Minha conta
    O Que Será de Nozes 2
    Críticas AdoroCinema
    3,0
    Legal
    O Que Será de Nozes 2

    Os bichos contra os humanos

    por Bruno Carmelo

    Parte da crítica de cinema tem descartado animações infantis como reais objetos de análise. Com certa condescendência, determinam se o filme é colorido o suficiente, se traz mensagens positivas, se as piadas agradam aos adultos ou apenas às crianças. Mas o gênero precisa ser considerado como projeto digno de considerações ideológicas, técnicas, de mise en scène etc. Por trás da fofura e das cores, toda representação fantasiosa dialoga com o mundo atual.
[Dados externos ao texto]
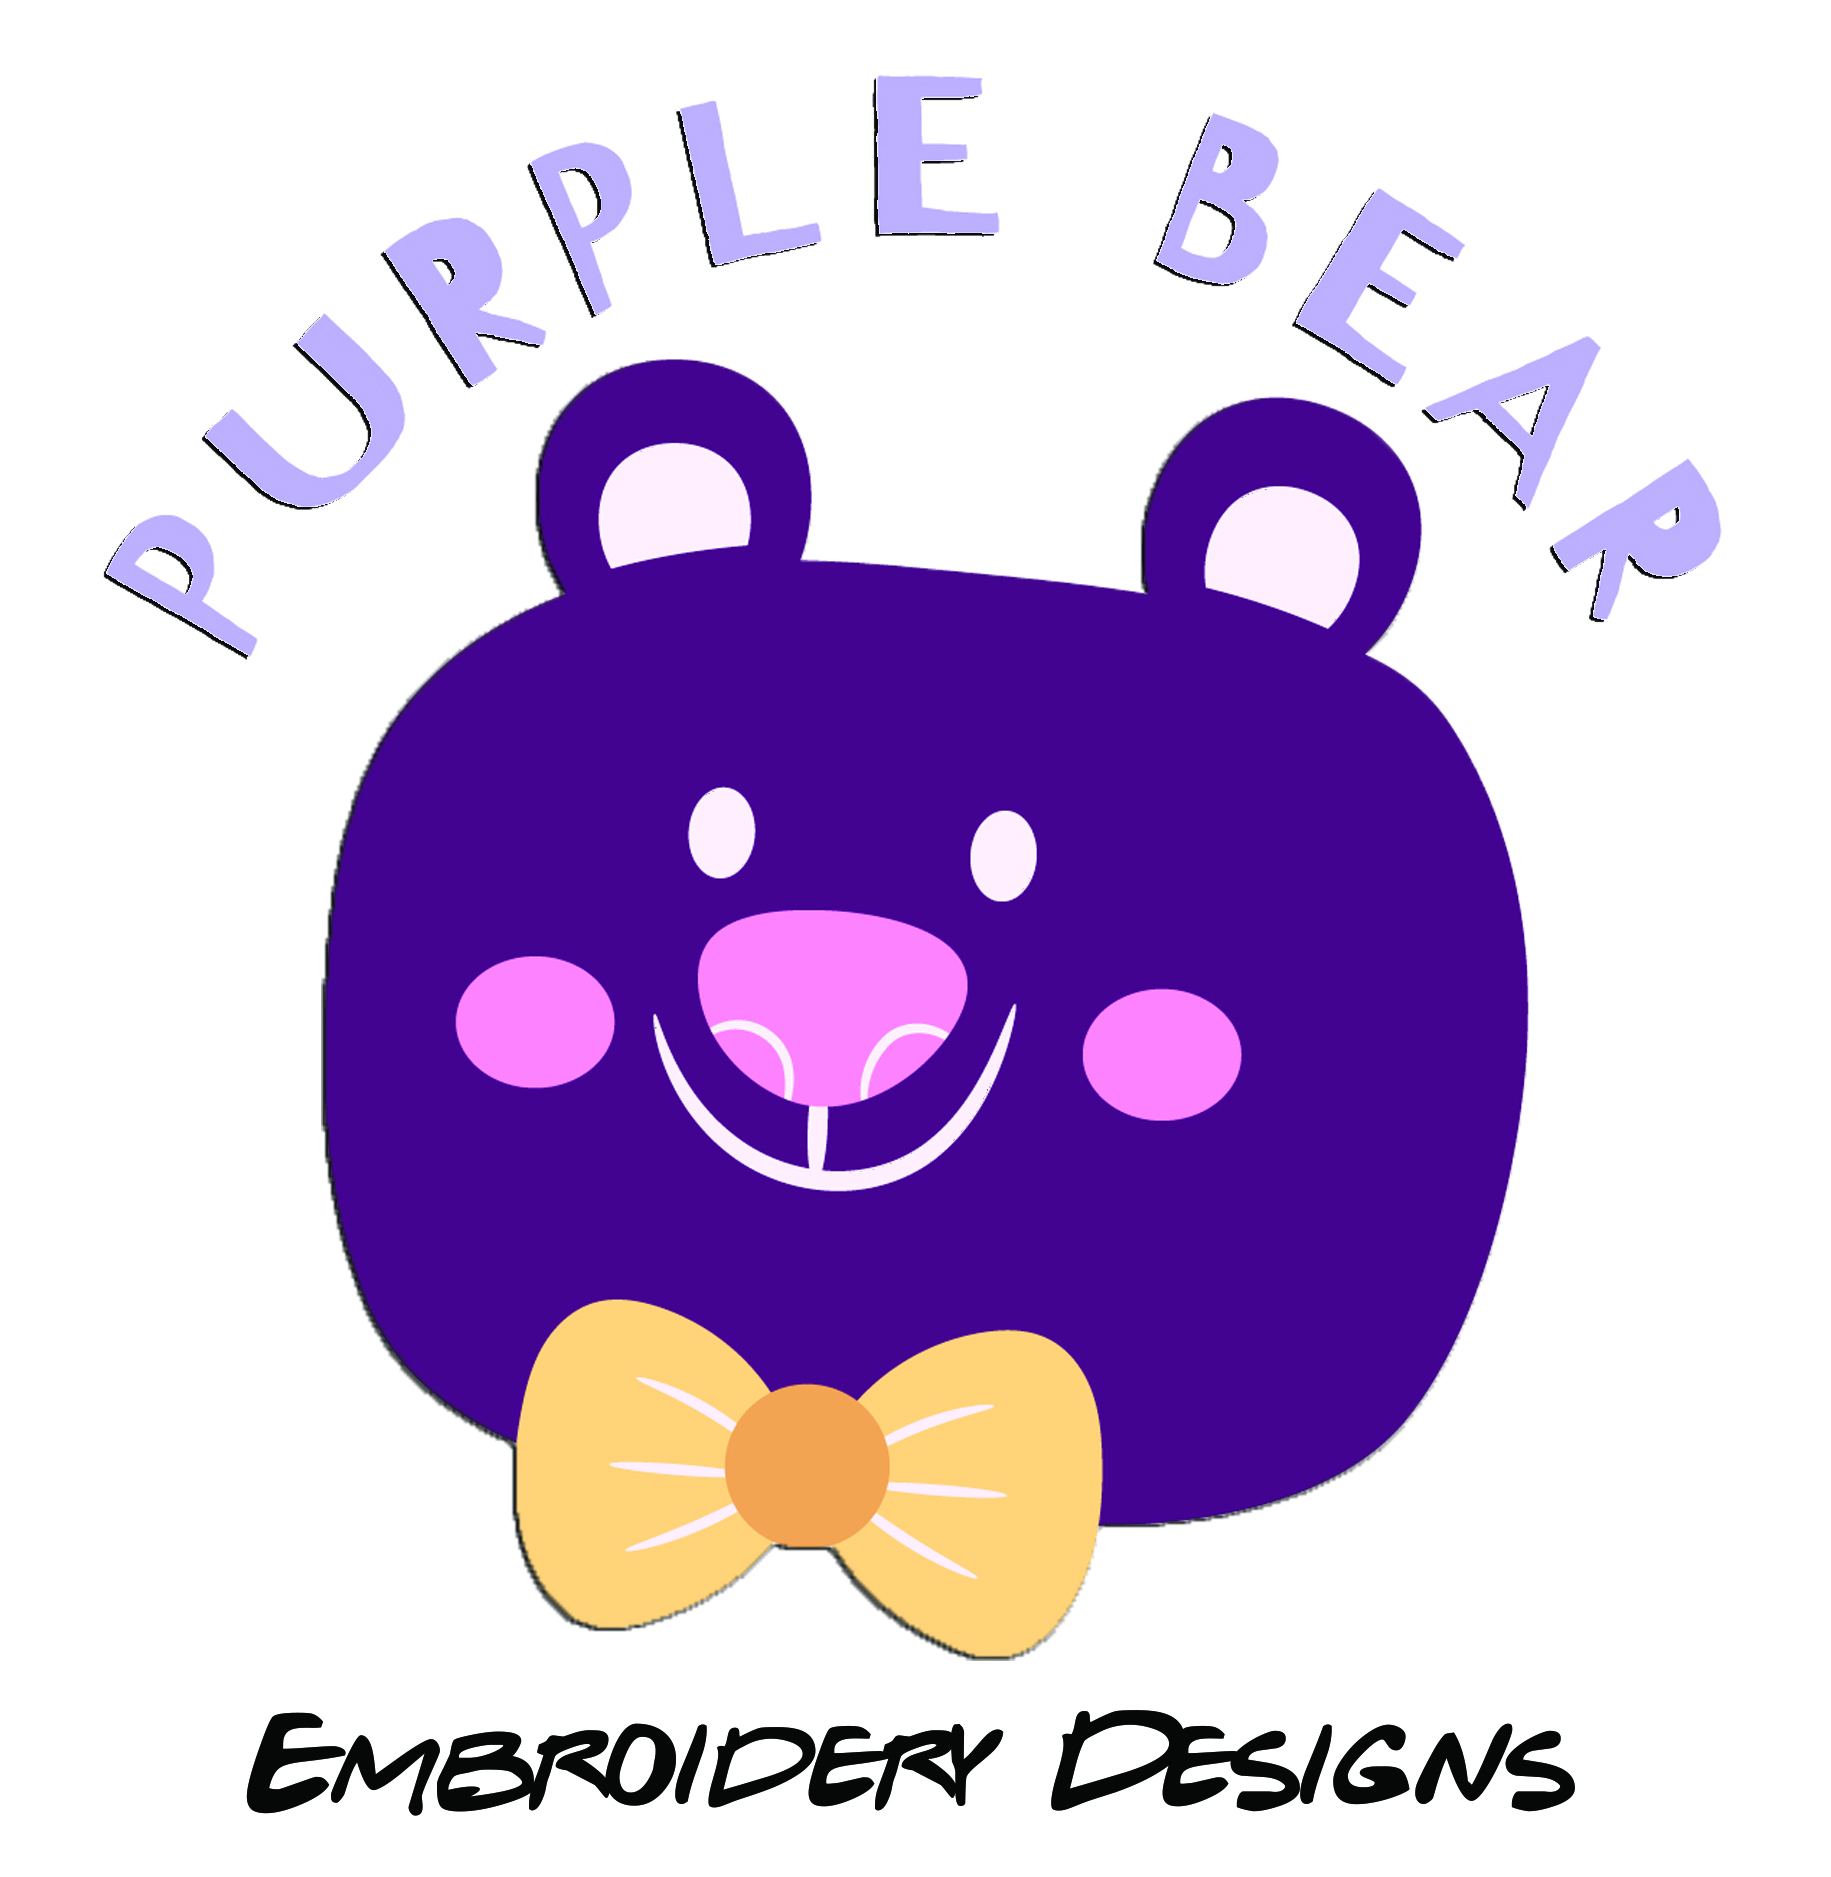 Purple Bear Embroidery Designs

    O Que Será de Nozes 2 foi rejeitado por esta parte da imprensa que o considerou “desnecessário” (The Guardian) e não “verdadeiramente divertido” (Variety). No entanto o filme possui uma série de elementos dignos de atenção. O primeiro deles diz respeito à delimitação do gênero: enquanto a história original de O Que Será de Nozes? adaptava os códigos da máfia para as crianças, a continuação discorre sobre a corrupção na política com uma frontalidade incomum. Fala-se em “lucratividade”, “especulação (imobiliária)”, e ainda sobre o personagem que “não pode ir à cadeia porque é rico”.
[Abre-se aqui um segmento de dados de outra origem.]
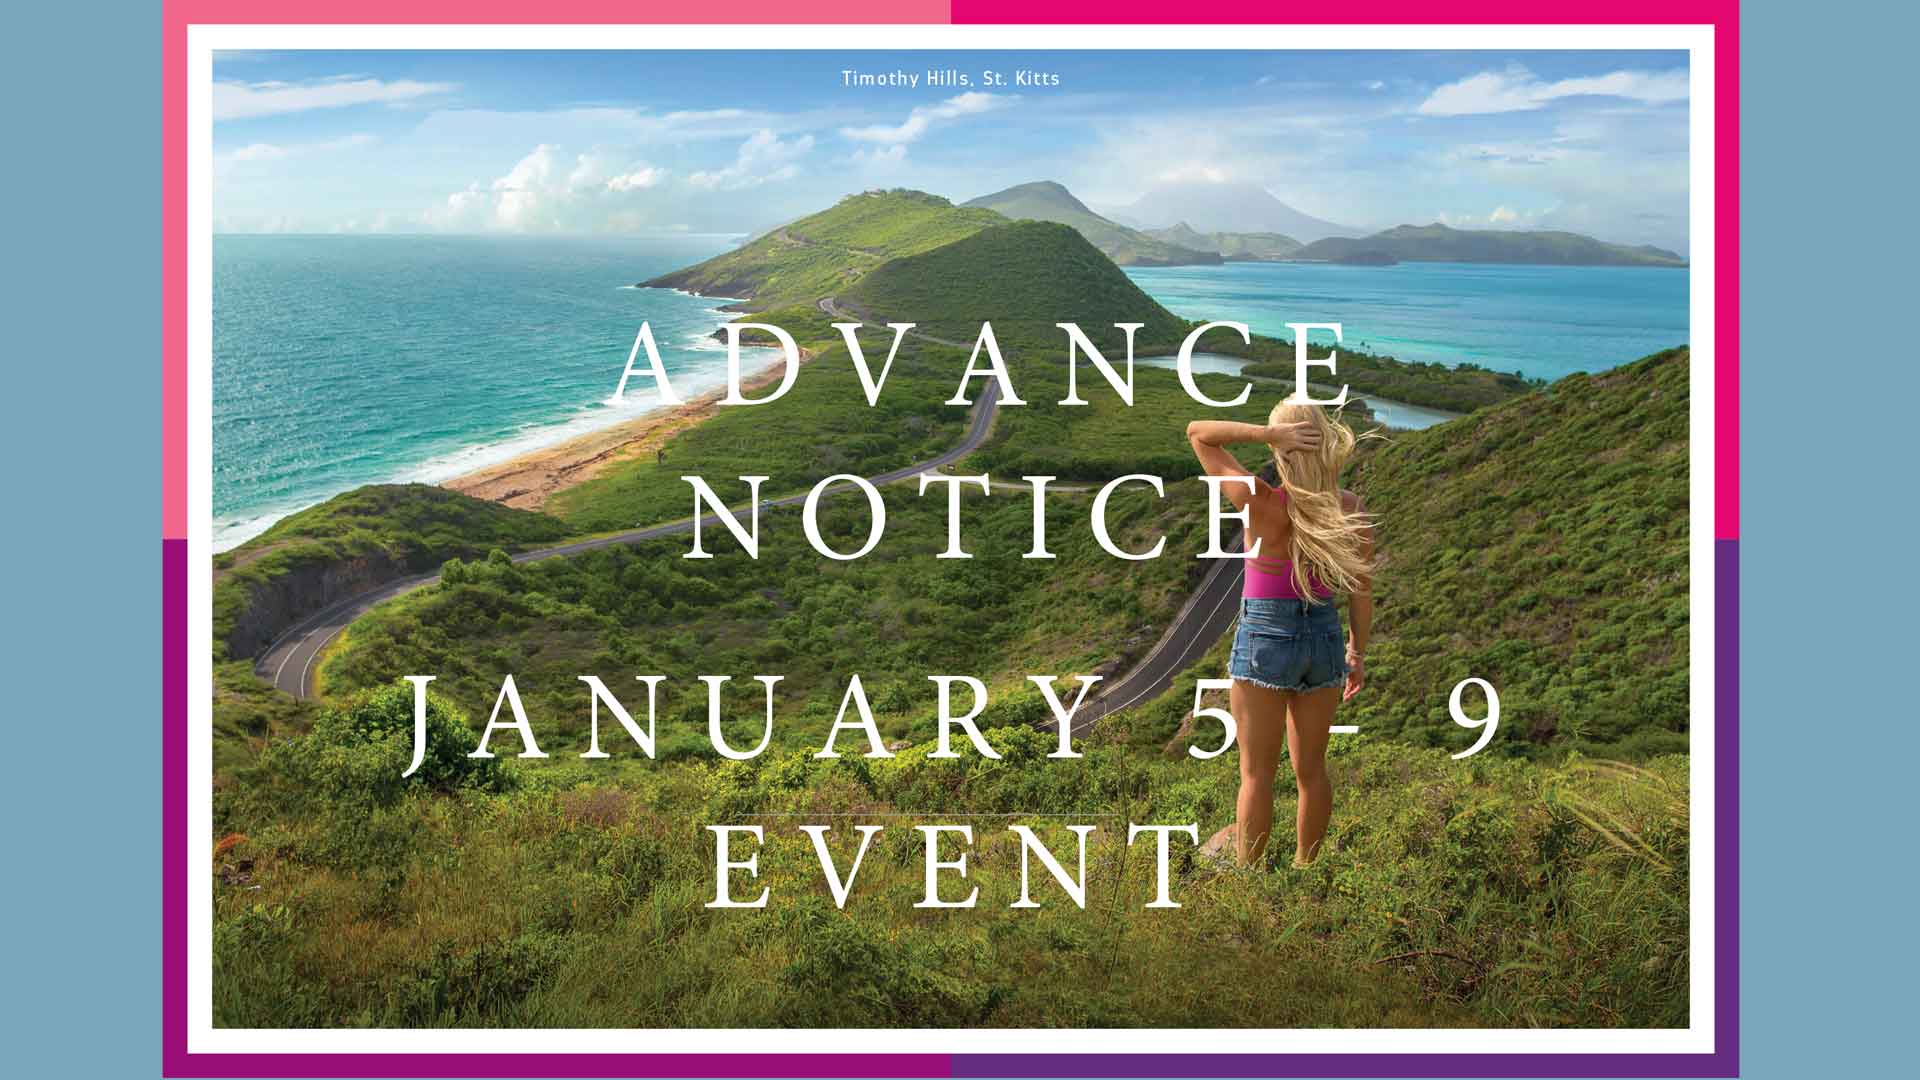 Royal Caribbean International January 5-9 sale

    Esta franquia mantém o subtexto ousado, ainda mais complexo do que o original. Antes, Max, Andie e seus amigos precisavam encontrar comida. Agora, com uma loja de nozes à disposição, eles se questionam sobre viver na mordomia do consumismo ou retornar às raízes selvagens e caçar o próprio alimento. Ou seja, quando a sobrevivência não dava escolha, seus atos eram óbvios, mas o segundo filme lida com liberdades individuais, inclusive criando uma oposição saudável entre a demagogia nostálgica de Andie e a malandragem hedonista de Max. Nenhum dos dois é visto como certo ou errado: a ideia do filme é realizar uma improvável síntese entre ambos.
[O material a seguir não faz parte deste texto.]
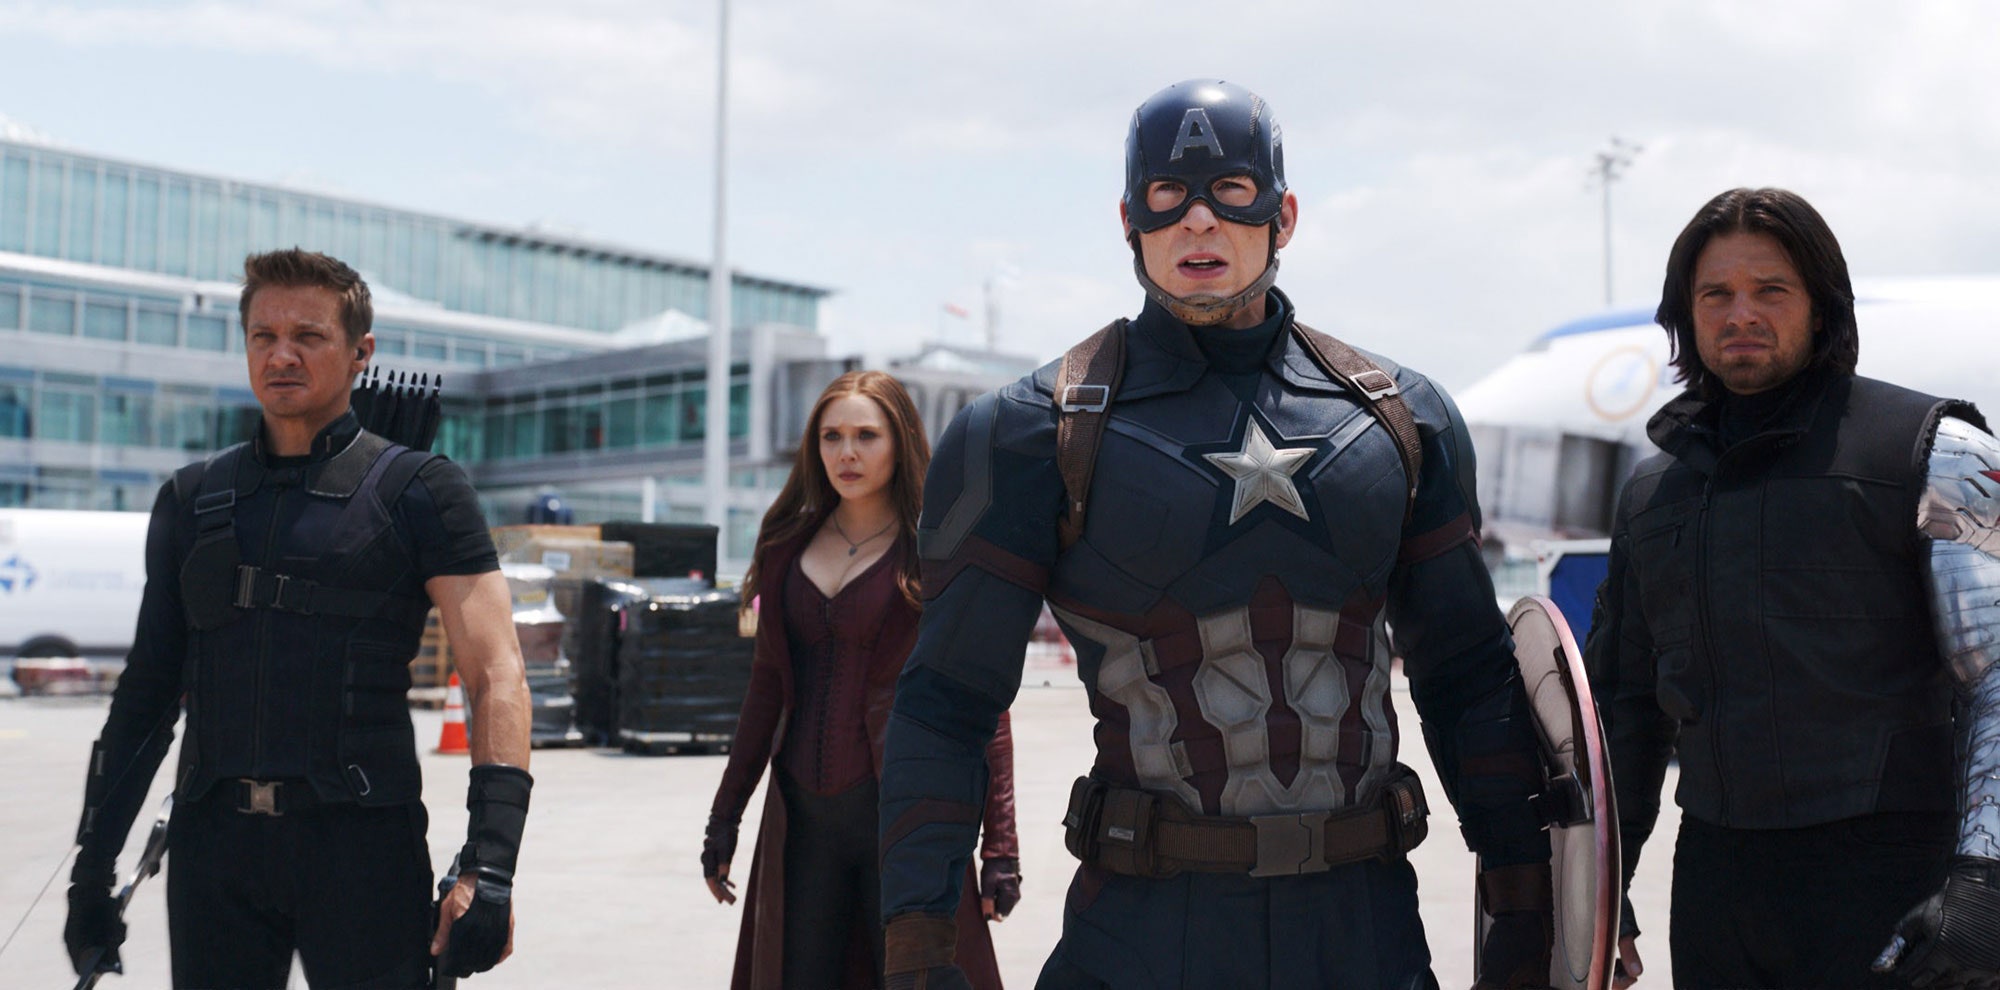 A still from Captain America: Civil War showcasing team Captain America

    Juntos, os animais provam não apenas que a união funciona melhor do que o individualismo, mas também que a reunião dos bichos pode provocar uma verdadeira revolução social. Em tempos de vidraças quebradas chocando os defensores da propriedade privada, o espectador pode ficar surpreso ao ver o que esquilos, castores e cachorros estão dispostos a fazer com uma casa e um parque de diversão inteiros. Mesmo assim, o espírito anárquico não se traduz numa proposta coerente: apesar de criticar o prefeito corrupto e os falsos protetores dos animais, O Que Será de Nozes 2 não oferece alternativas políticas. O discurso fica no meio do caminho entre a denúncia e o conformismo do tipo “todo político é vendido”.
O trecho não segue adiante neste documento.